Home > Opiate addiction and overdose: experiences, attitudes, and appetite for community naloxone provision.

Barry, T and Klimas, Jan and Tobin, Helen and Egan, Mairead and Bury, Gerard (2017) Opiate addiction and overdose: experiences, attitudes, and appetite for community naloxone provision. The British Journal of General Practice , 67 , (657) , e267-e273.

BACKGROUND: More than 200 opiate overdose deaths occur annually in Ireland. Overdose prevention and management, including naloxone prescription, should be a priority for healthcare services. Naloxone is an effective overdose treatment and is now being considered for wider lay use.

AIM: To establish GPs' views and experiences of opiate addiction, overdose care, and naloxone provision.

DESIGN AND SETTING: An anonymous postal survey to GPs affiliated with the Department of Academic General Practice, University College Dublin, Ireland.

METHOD: A total of 714 GPs were invited to complete an anonymous postal survey. Results were compared with a parallel GP trainee survey.

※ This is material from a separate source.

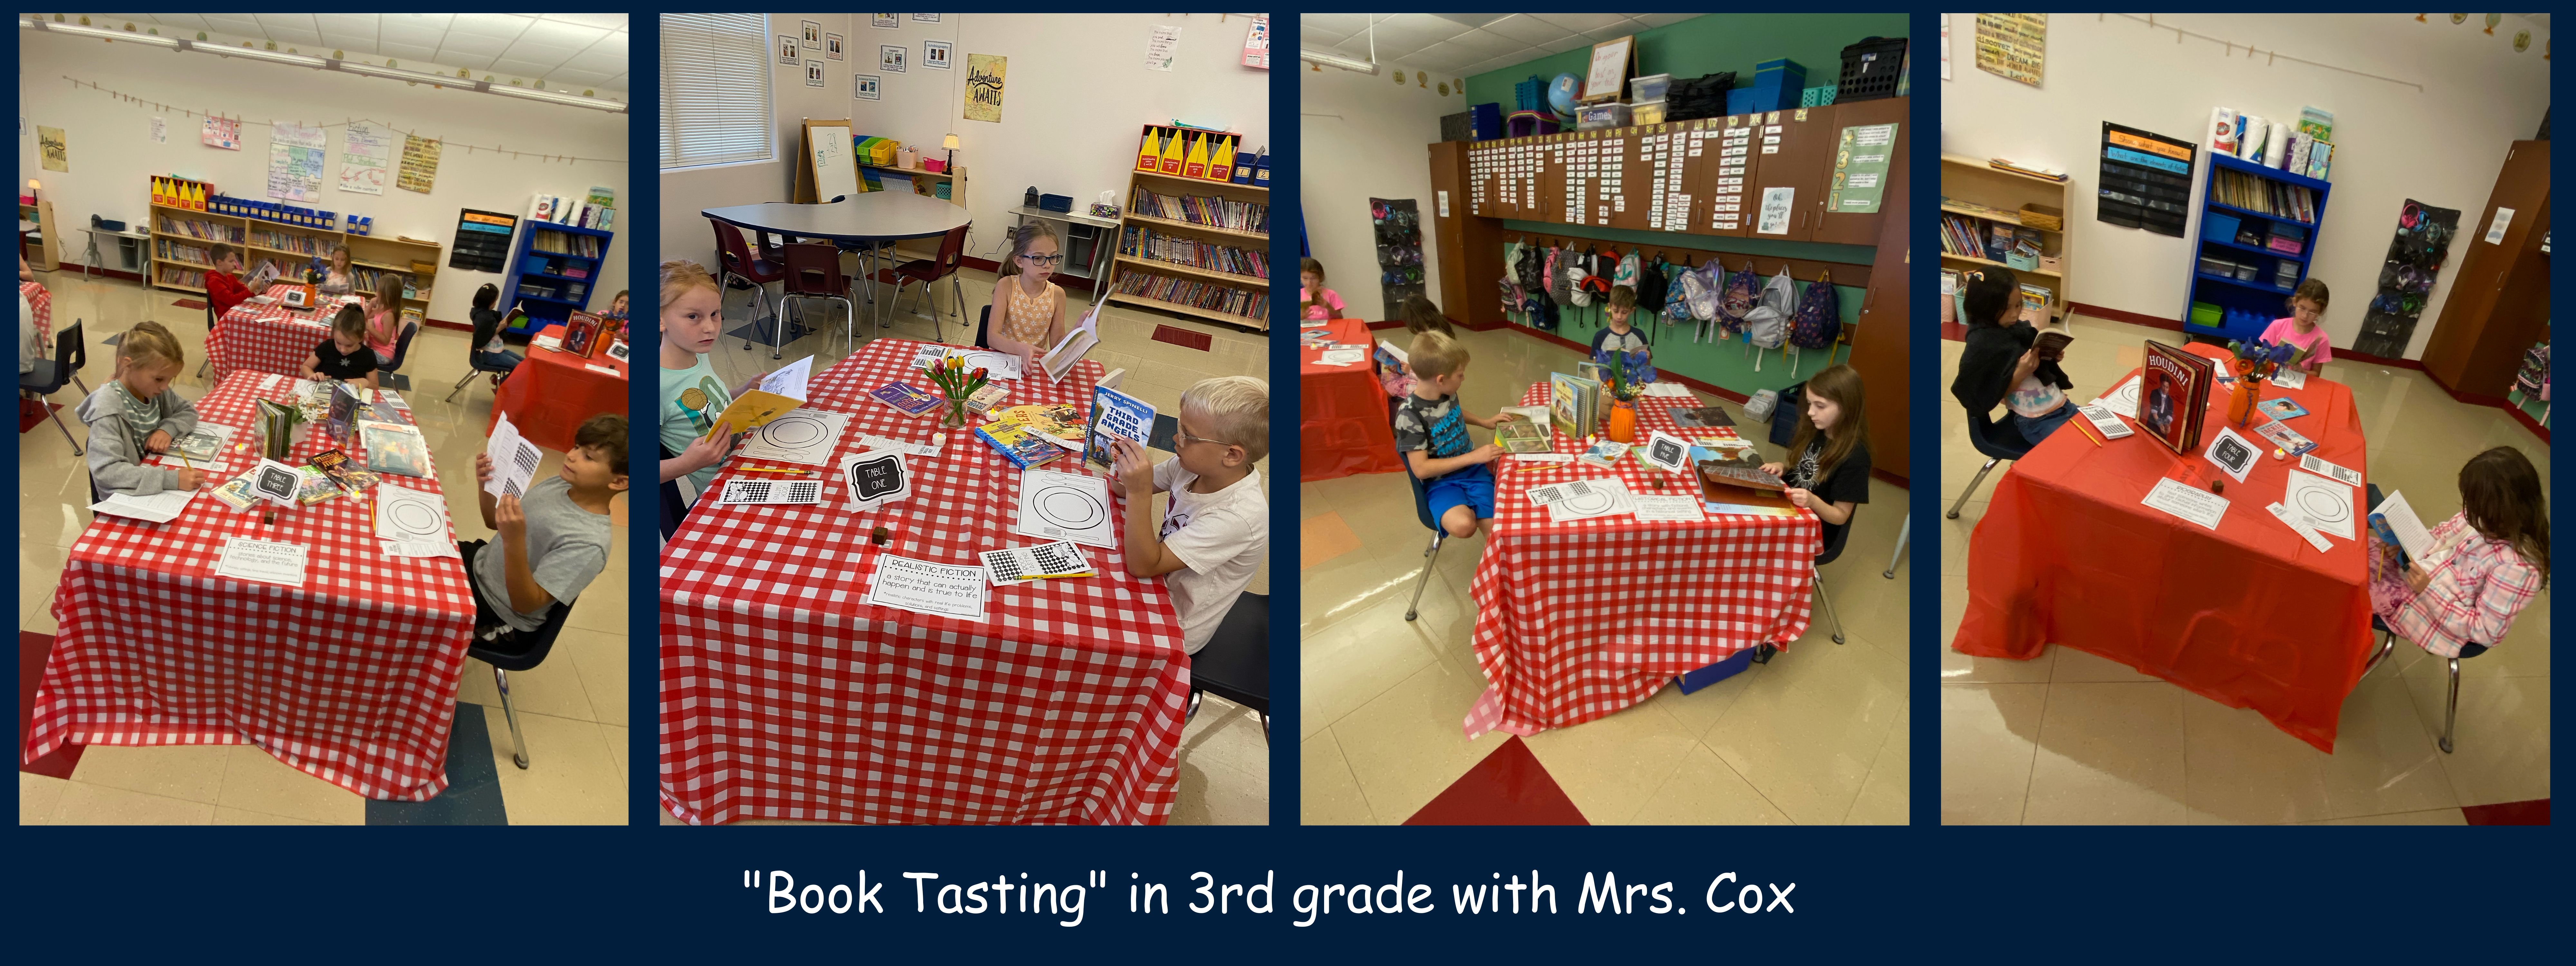 "Book Tasting" in 3rd grade with Mrs. Cox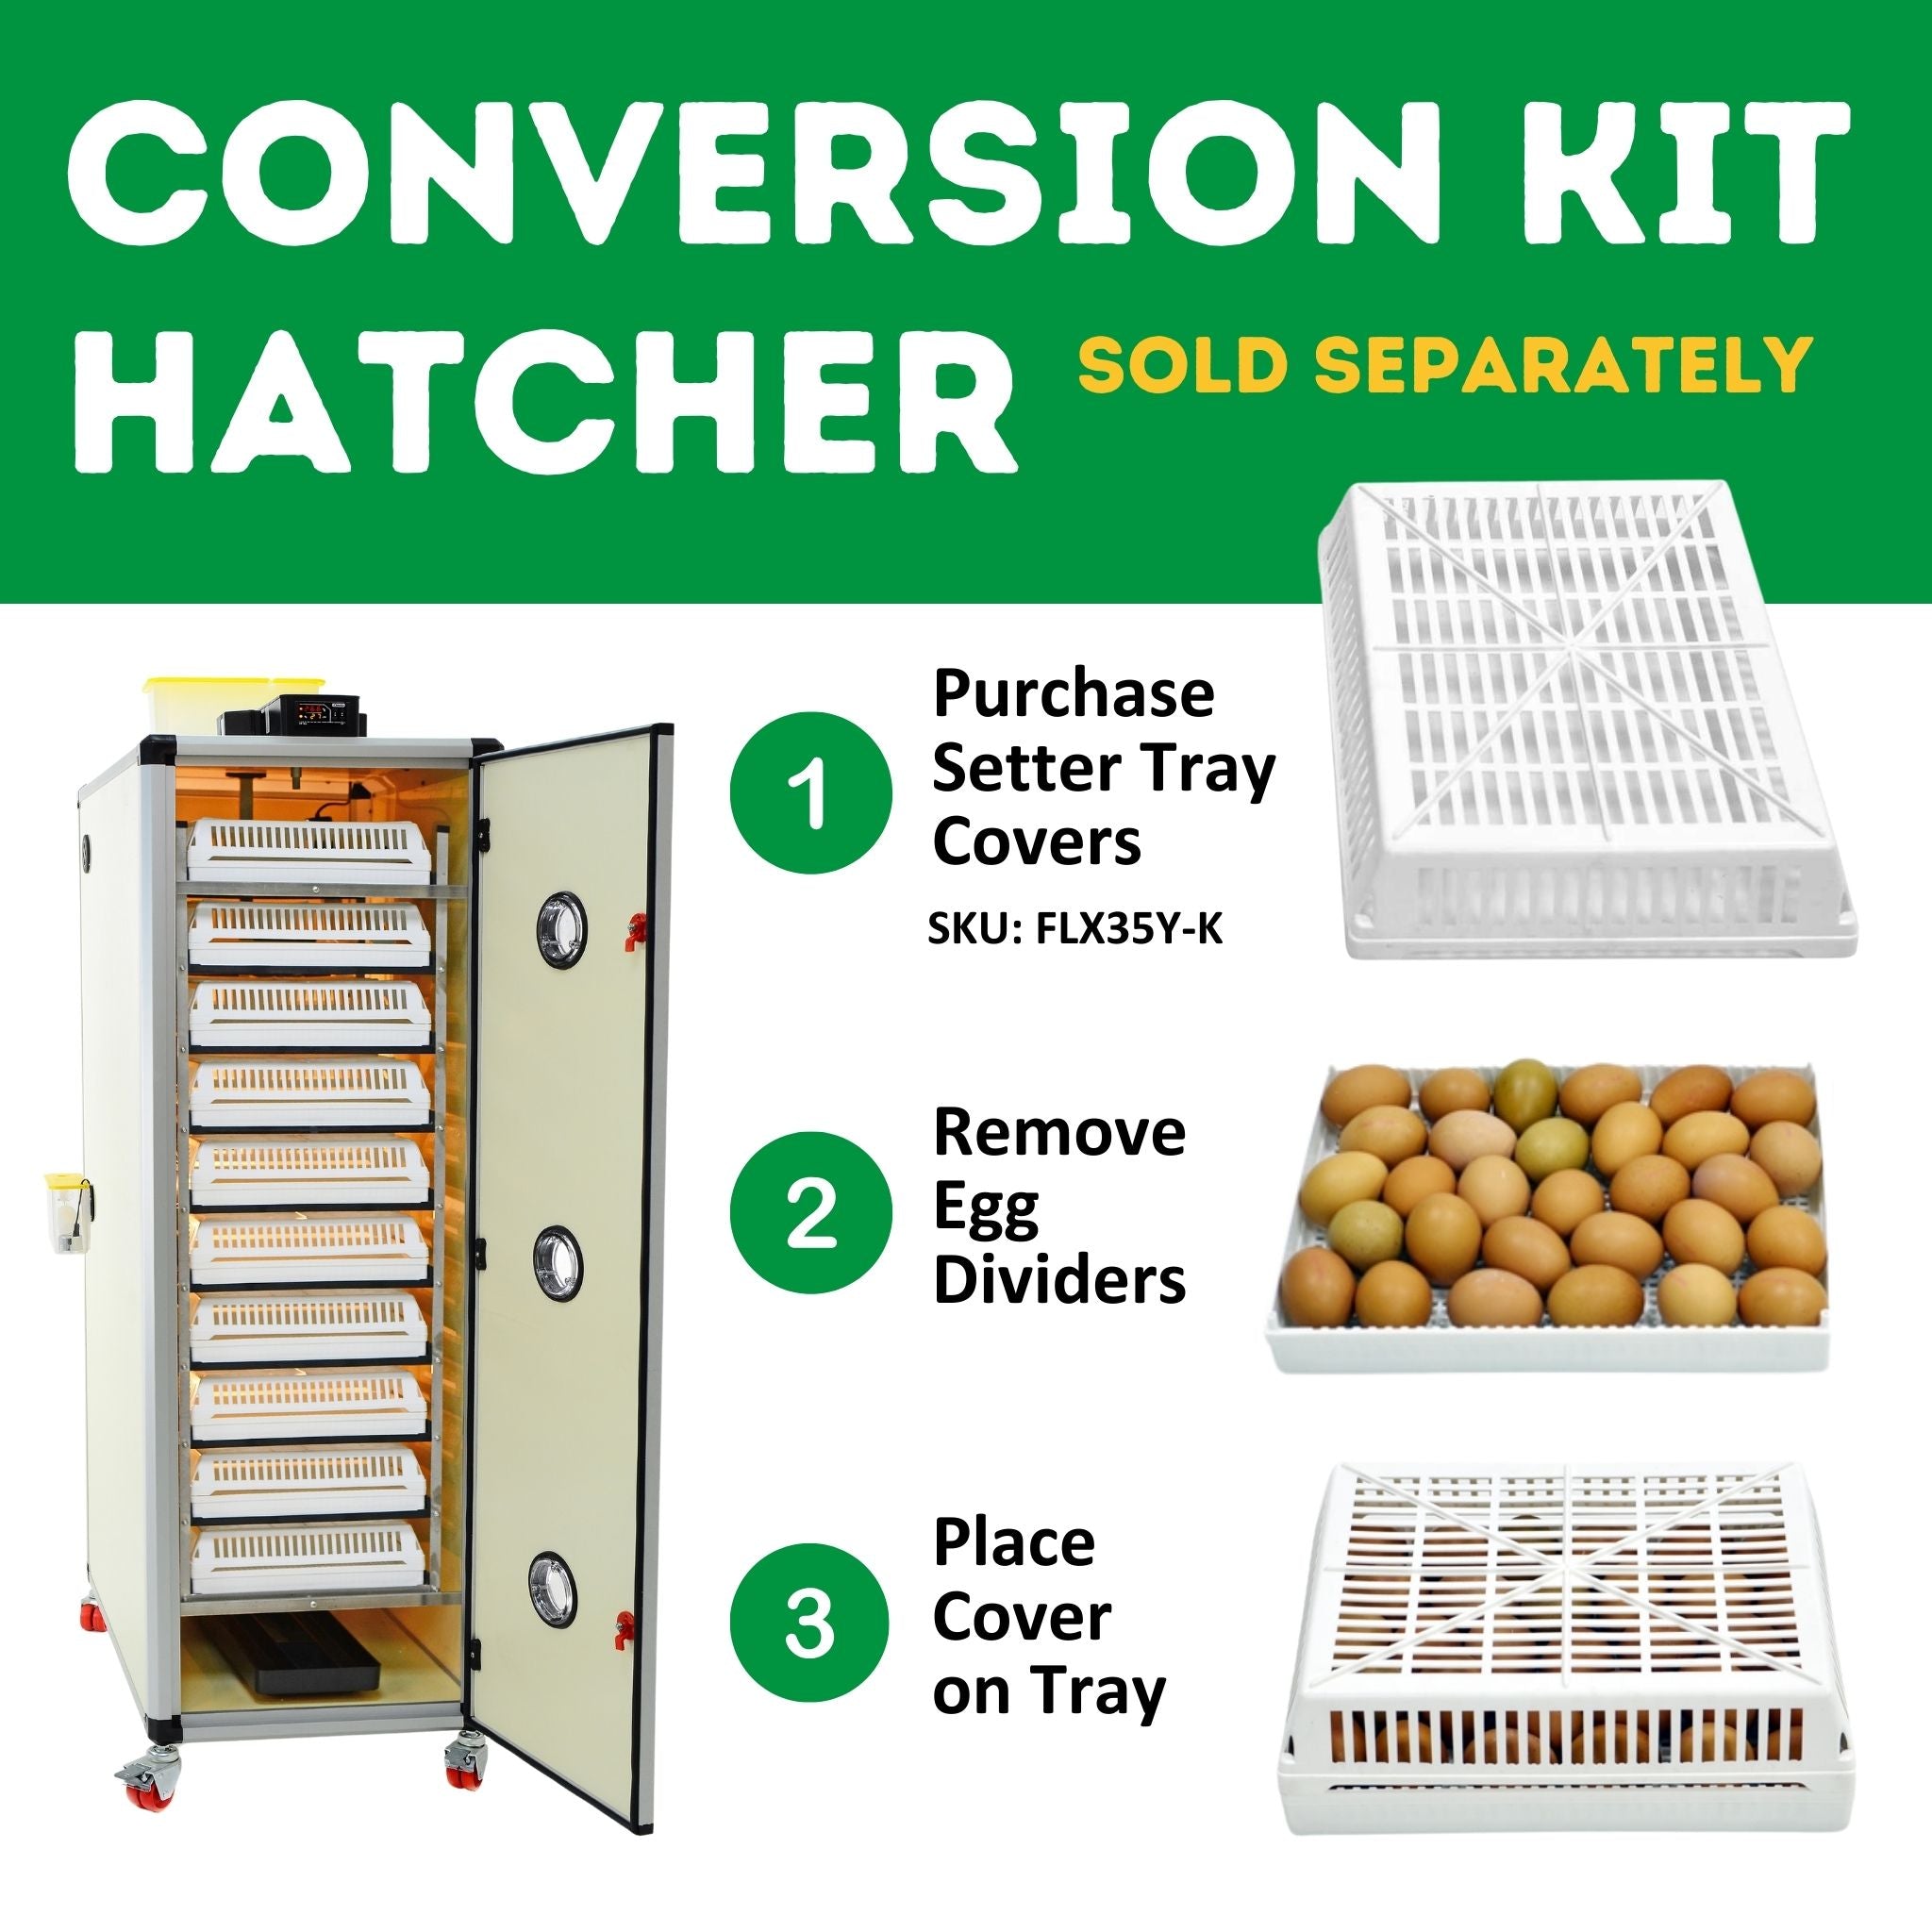 Hatching Time Cimuka. Infographic shows conversion kit hatcher (sold seperately) steps.

RESULTS: A total of 448/714 (62.7%) GPs responded. Approximately one-third of GPs were based in urban, rural, and mixed areas. Over 75% of GPs who responded had patients who used illicit opiates, and 25% prescribed methadone. Two-thirds of GPs were in favour of increased naloxone availability in the community; almost one-third would take part in such a scheme. A higher proportion of GP trainees had used naloxone to treat opiate overdose than qualified GPs. In addition, a higher proportion of GP trainees were willing to be involved in naloxone distribution than qualified GPs. Intranasal naloxone was much preferred to single (P<0.001) or multiple dose (P<0.001) intramuscular naloxone. Few GPs objected to wider naloxone availability, with 66.1% (n = 292) being in favour.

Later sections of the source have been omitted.